This Graph shows how many of each Category each studio made compared to each other. Categories which were represented by less than half of the total developers or were not a game type (PvP for example) were dropped for simplicity and insignificance sake.

In [6]:
#print(dataWithTop10['categories'].unique())
removeGenres = ['Captions available','In-App Purchases','Remote Play Together' ,
                'Multi-player','Partial Controller Support','Cross-Platform Multiplayer',
                'Online PvP','Full controller support', 'HDR avaliable', 
                'Includes level editor','HDR available', 'Remote Play on Tablet',
                'Shared/Split Screen Co-op', 'Shared/Split Screen','Shared/Split Screen PvP',
                'Stats','Steam Trading Cards','Steam Workshop']

filtered_data = dataWithTop10Dev[~dataWithTop10Dev['categories'].isin(removeGenres)].dropna()

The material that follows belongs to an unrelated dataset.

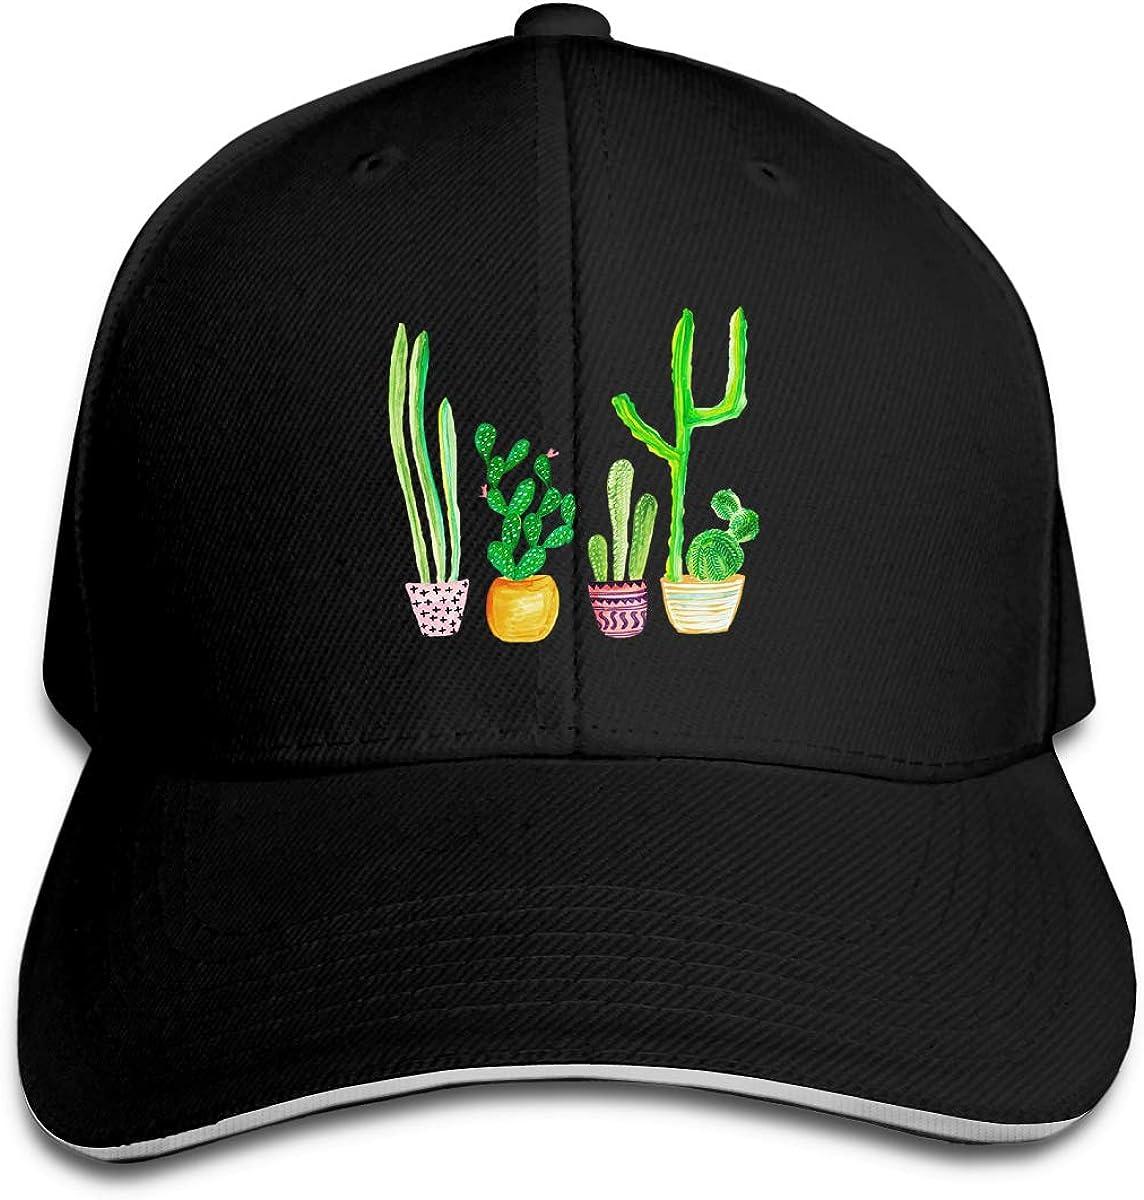 Cacti Cactus Love Article Classic Adjustable Cotton Baseball Caps Trucker Driver Hat Outdoor Cap Black

alt.Chart(filtered_data).mark_bar().encode(
    y=alt.Y('developers'),
    x=alt.X('count(categories)').stack("normalize"),
    color='categories'
    
).properties(
    height=500,
    width=1000
)

<VegaLite 5 object>

If you see this message, it means the renderer has not been properly enabled
for the frontend that you are using. For more information, see
https://altair-viz.github.io/user_guide/display_frontends.html#troubleshooting


Below shows the distribution of the scores each of the game developers have. This will be useful when exploring these expectations of the research question. We can see that some developer review distributions are quite odd, which will to be looked at later on when looking at this part of the question in more depth

In [7]:
boxplot = alt.Chart(dataWithTop10Dev).mark_boxplot().encode(
    x=alt.X('developers', title='Developer'),
    y=alt.Y('review_score', title='Review Score'),
    color='developers'
).properties(
    height=400,
    width=600
)

boxplot

<VegaLite 5 object>

If you see this message, it means the renderer has not been properly enabled
for the frontend that you are using. For more information, see
https://altair-viz.github.io/user_guide/display_frontends.html#troubleshooting


Below we see that in general, highly rated games do tend to have more achievements in them, which could be useful in further exploration.

In [None]:
catCountData = pd.DataFrame(data)

bottomRated = catCountData.sort_values(by='review_score',ascending=True).head(20)
topRated = catCountData.sort_values(by='review_score',ascending=False).head(20)

topChart = alt.Chart(topRated).mark_bar().encode(
    y='developers',
    x='n_achievements'
    
).properties(
    title='Count of achivments for average top rated developers'
)

bottomChart = alt.Chart(bottomRated).mark_bar().encode(
    y='developers',
    x='n_achievements'
).properties(
    title='Count of achivments for average bottom rated developers'
)

topChart | bottomChart

<VegaLite 5 object>

If you see this message, it means the renderer has not been properly enabled
for the frontend that you are using. For more information, see
https://altair-viz.github.io/user_guide/display_frontends.html#troubleshooting


Below shows the number of categories that a game belongs to for the top 20 and bottom rated 20 games. It seems like overall, the top rated games have more categroies for thier games, which suggests this correlation could be tested further.

In [None]:
catCountData = pd.DataFrame(data)
catCountData['categories'] = data['categories'].apply(ast.literal_eval)
catCountData = catCountData.explode('categories')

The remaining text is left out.